The final noticeable spike is at one. These are economists who have (mistakenly...) been invited to one dinner party (economists only ever get invited to one dinner party). They have gone out into the world and realised the rest of the world doesn't think like them. So they try to estimate the scale of irrationality. However, they end up suffering the curse of knowledge (once you know the true answer, you tend to anchor to it). In this game, which is fairly typical, the average number picked was 26, giving a two-thirds average of 17. Just three people out of more than 1000 picked the number 17.

I play this game to try to illustrate just how hard it is to be just one step ahead of everyone else - to get in before everyone else, and get out before everyone else. Yet despite this fact, it seems to be that this is exactly what a large number of investors spend their time doing.

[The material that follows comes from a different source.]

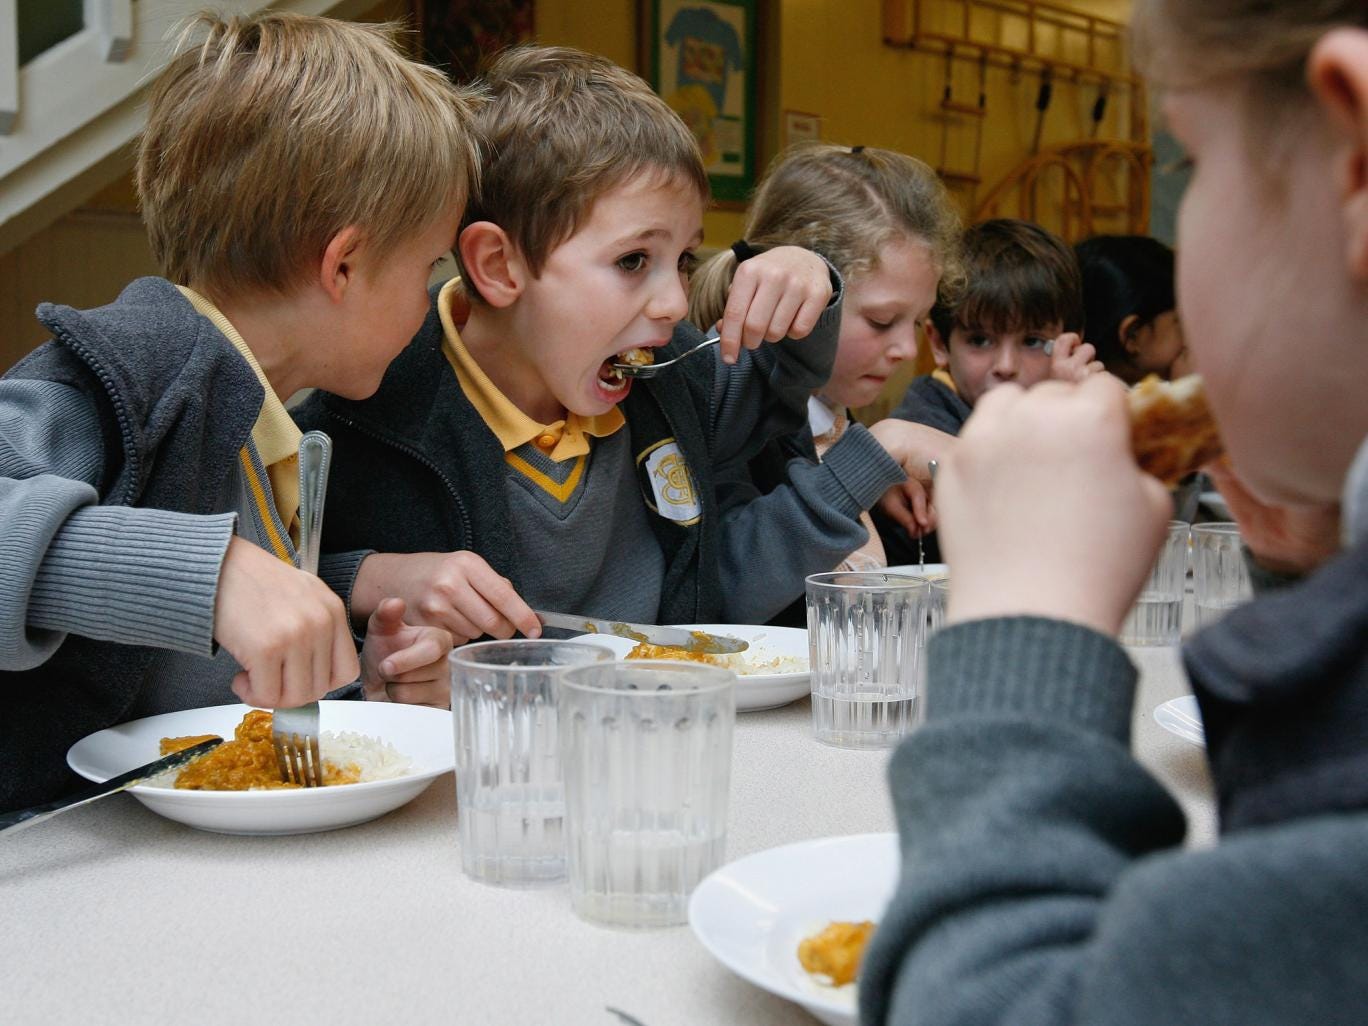 All primary school children will receive free school meals if the Liberal Democrats have a role in the next government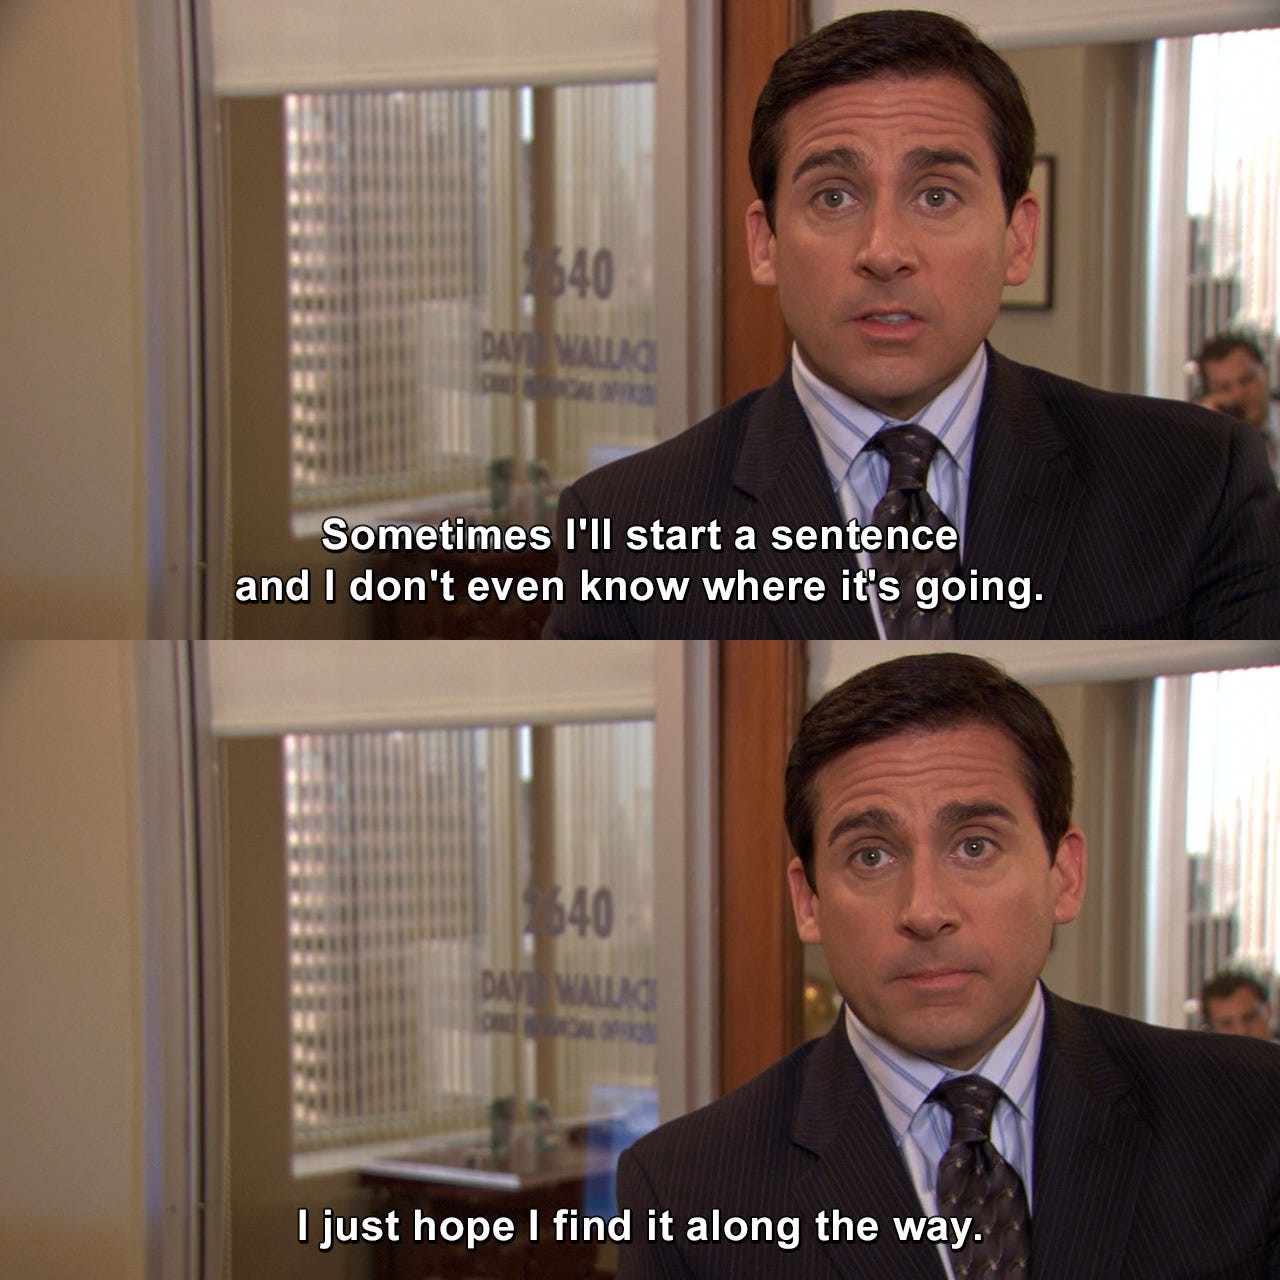 Michael Scott quote: "Sometimes I'll start a sentence and I don't even know where it's going. I just hope I find it along the way"

See also Efficient Market Hypothesis on Trial:A Survey by Philip S. Russel and Violet M. Torbey

Submittedby Laurie Snell

Measuring Emotion on the Web

Mining the Web for Feelings, Not Facts. Alex Wright, The New York Times, August 23, 2009.

There's a lot of data on the web, but it isn't data in the numeric sense.

"The rise of blogs and social networks has fueled a bull market in personal opinion: reviews, ratings, recommendations and other forms of online expression."

There are serious reasons to sift through this data.

"For many businesses, online opinion has turned into a kind of virtual currency that can make or break a product in the marketplace. Yet many companies struggle to make sense of the caterwaul of complaints and compliments that now swirl around their products online. "

A new methodology, sentiment analysis, attempts to summarize the positive and negative emotions associated with these reviews and ratings.

"Jodange, based in Yonkers, offers a service geared toward online publishers that lets them incorporate opinion data drawn from over 450,000 sources, including mainstream news sources, blogs and Twitter. Based on research by Claire Cardie, a Cornell computer science professor, and her students, the service uses a sophisticated algorithm that not only evaluates sentiments about particular topics, but also identifies the most influential opinion holders."

"In a similar vein, The Financial Times recently introduced Newssift, an experimental program that tracks sentiments about business topics in the news, coupled with a specialized search engine that allows users to organize their queries by topic, organization, place, person and theme. Using Newssift, a search for Wal-Mart reveals that recent sentiment about the company is running positive by a ratio of slightly better than two to one. When that search is refined with the suggested term “Labor Force and Unions,” however, the ratio of positive to negative sentiments drops closer to one to one."

This work isn't easy.

"Translating the slippery stuff of human language into binary values will always be an imperfect science, however. 'Sentiments are very different from conventional facts,' said Seth Grimes, the founder of the suburban Maryland consulting firm Alta Plana, who points to the many cultural factors and linguistic nuances that make it difficult to turn a string of written text into a simple pro or con sentiment. ' "Sinful" is a good thing when applied to chocolate cake,' he said."

"The simplest algorithms work by scanning keywords to categorize a statement as positive or negative, based on a simple binary analysis ('love' is good, 'hate' is bad). But that approach fails to capture the subtleties that bring human language to life: irony, sarcasm, slang and other idiomatic expressions. Reliable sentiment analysis requires parsing many linguistic shades of gray."

Submitted by Steve Simon

Questions

1. No algorithm is going to be perfect, but some may provide sufficient accuracy to be useful. How would you measure the accuracy of a sentiment algorithm?